DATA SHOWN below:

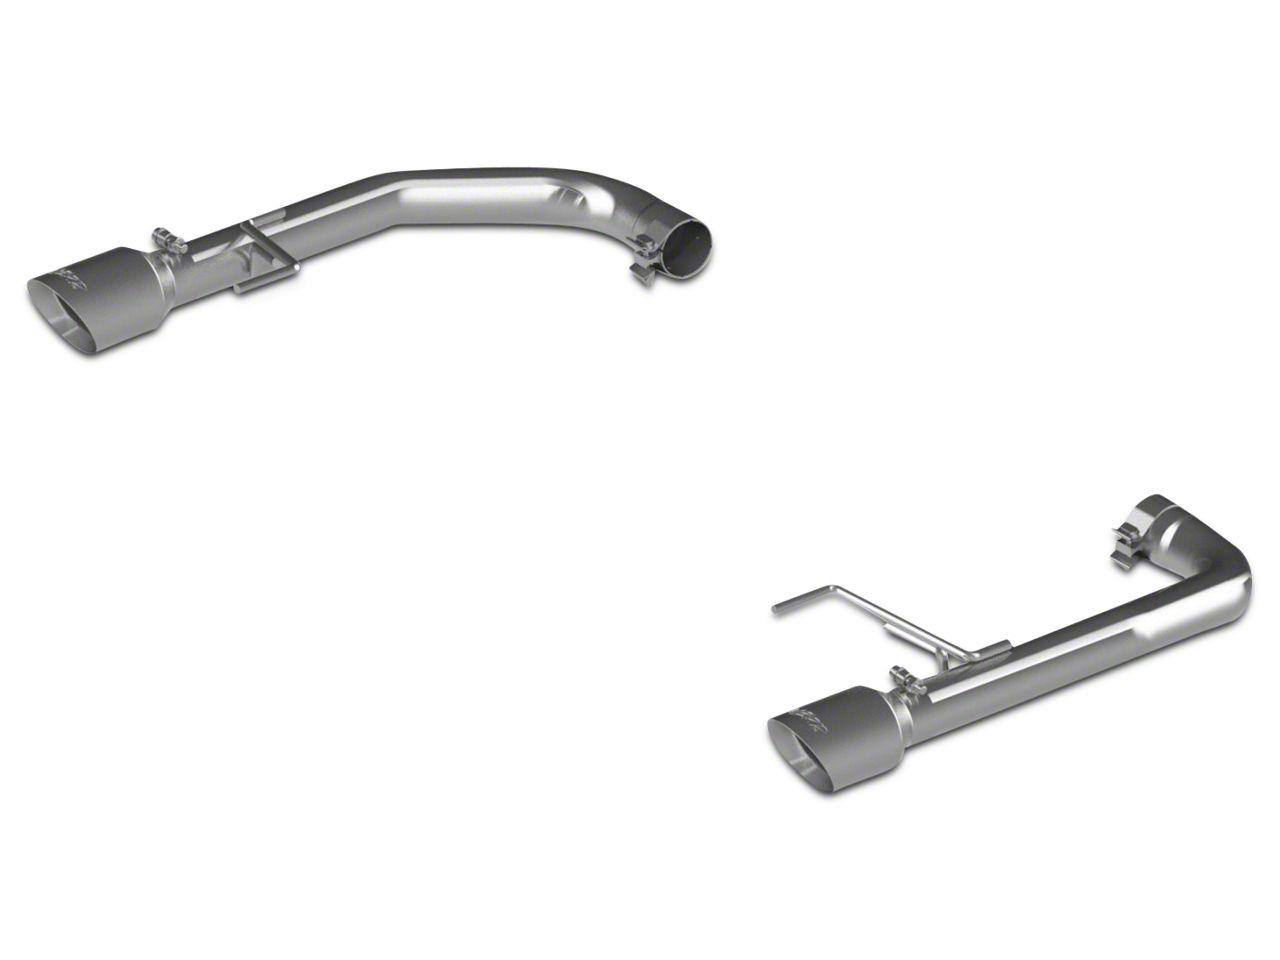 MBRP Pro Series Muffler Delete Axle-Back Exhaust (15-17 GT)
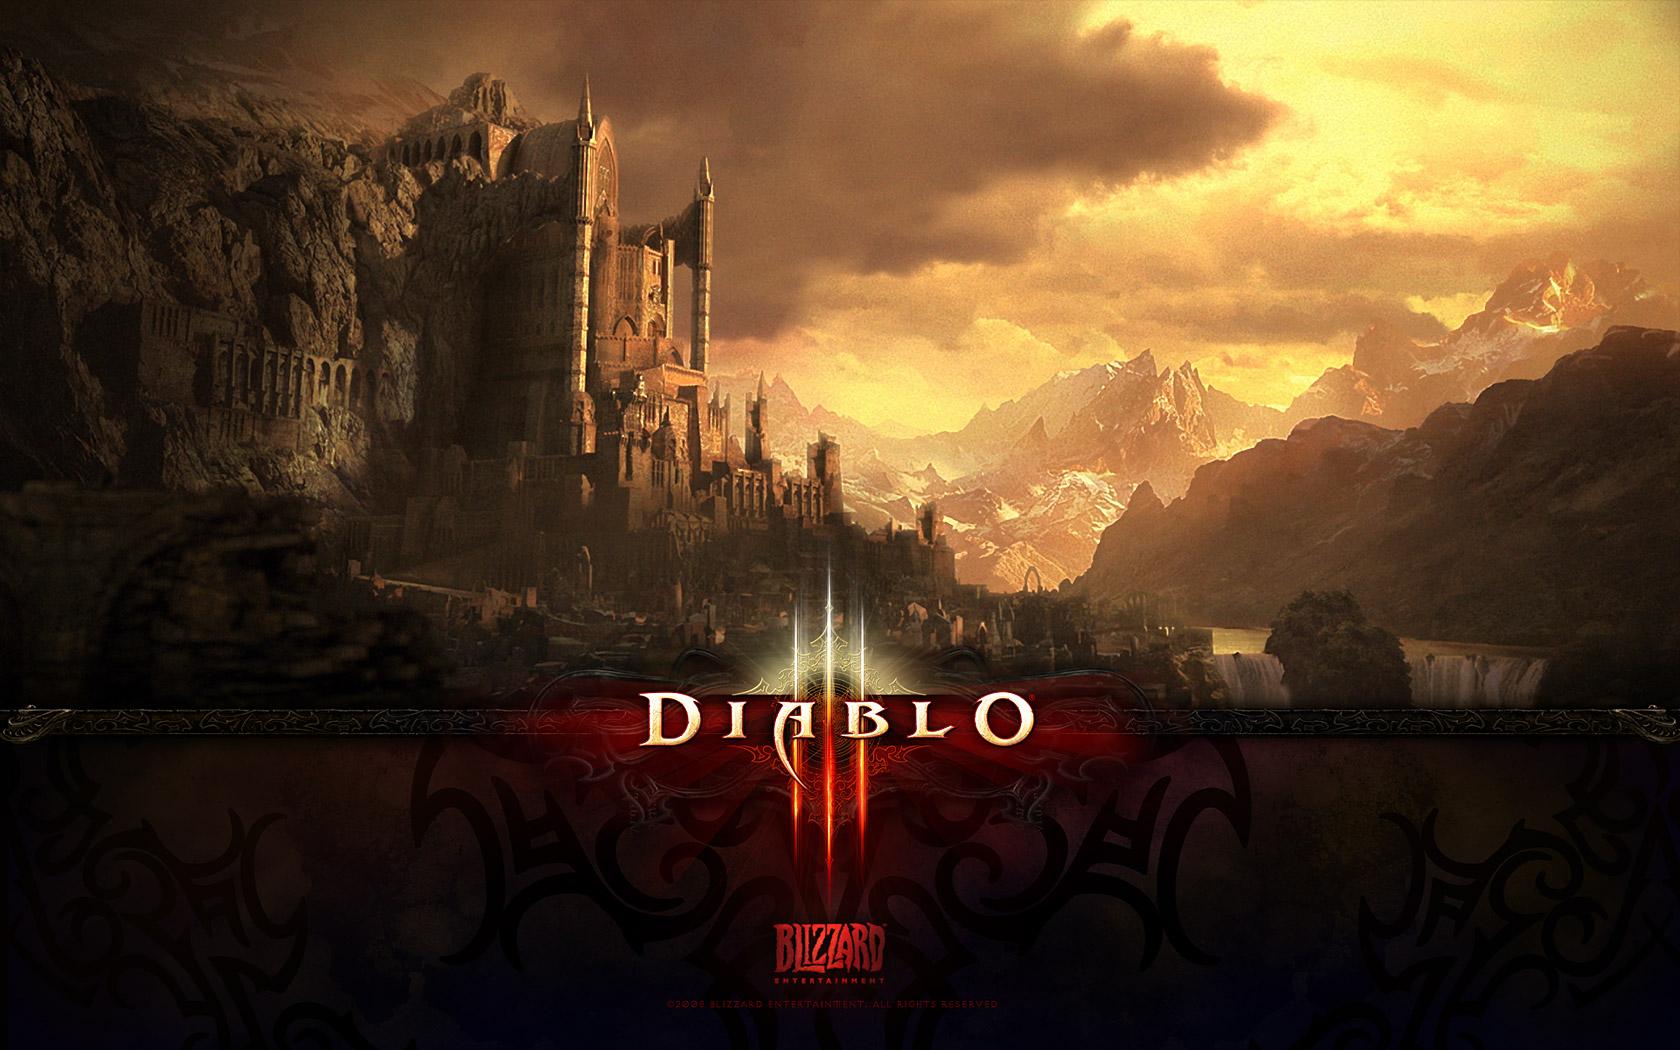 Download Blizzard Entertainment Wallpaper 1680x1050 1680x1050
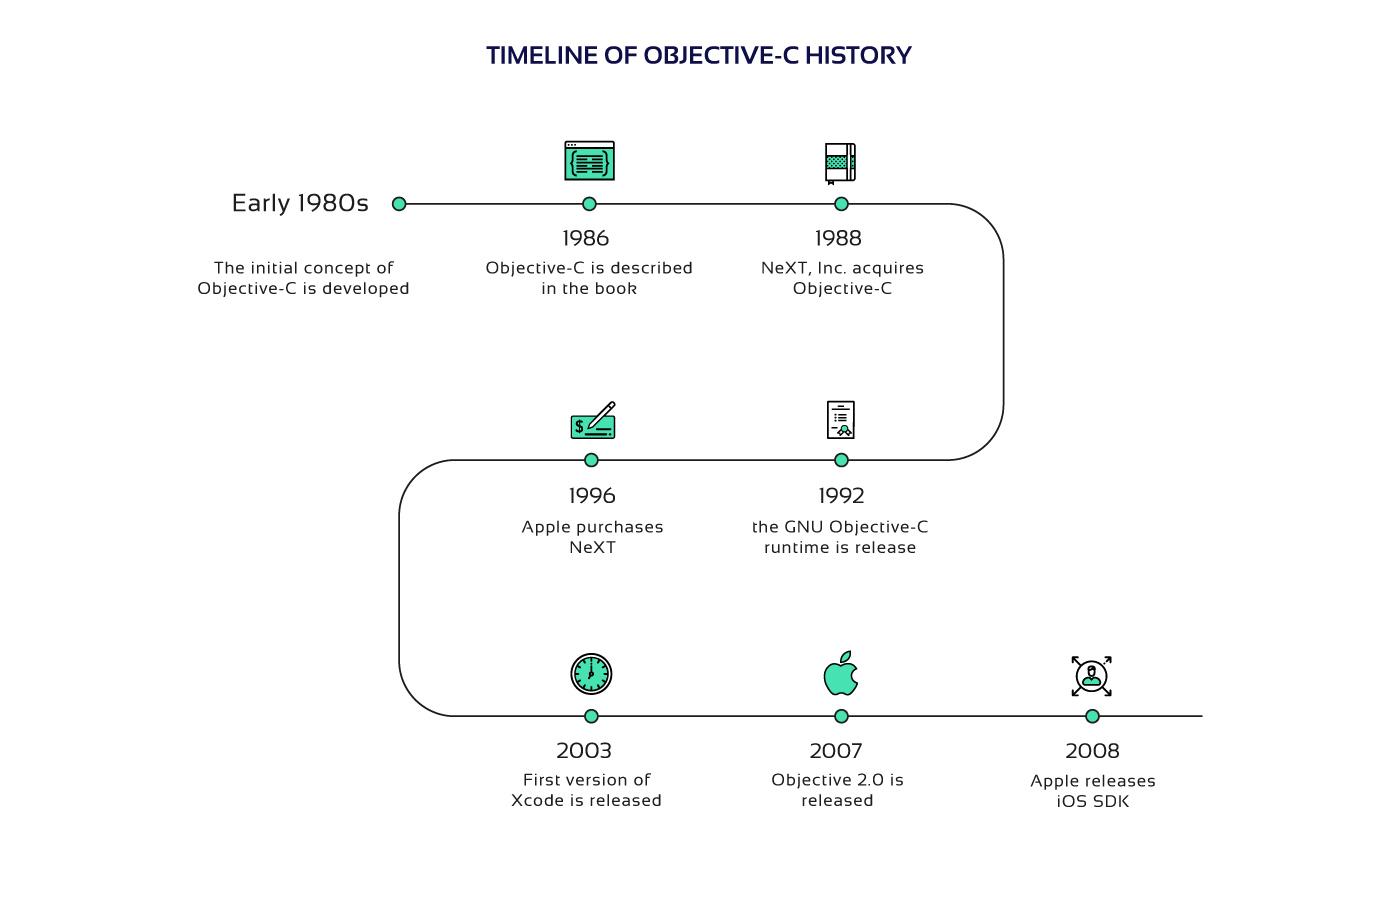 Objective-C timeline

End of DATA SHOWN.

[ABOUT THIS EXERCISE] Please retype the material above exactly, and omit its images.

[THE COMPLETED TASK]
 MBRP Pro Series Muffler Delete Axle-Back Exhaust (15-17 GT)
 Download Blizzard Entertainment Wallpaper 1680x1050 1680x1050
 Objective-C timeline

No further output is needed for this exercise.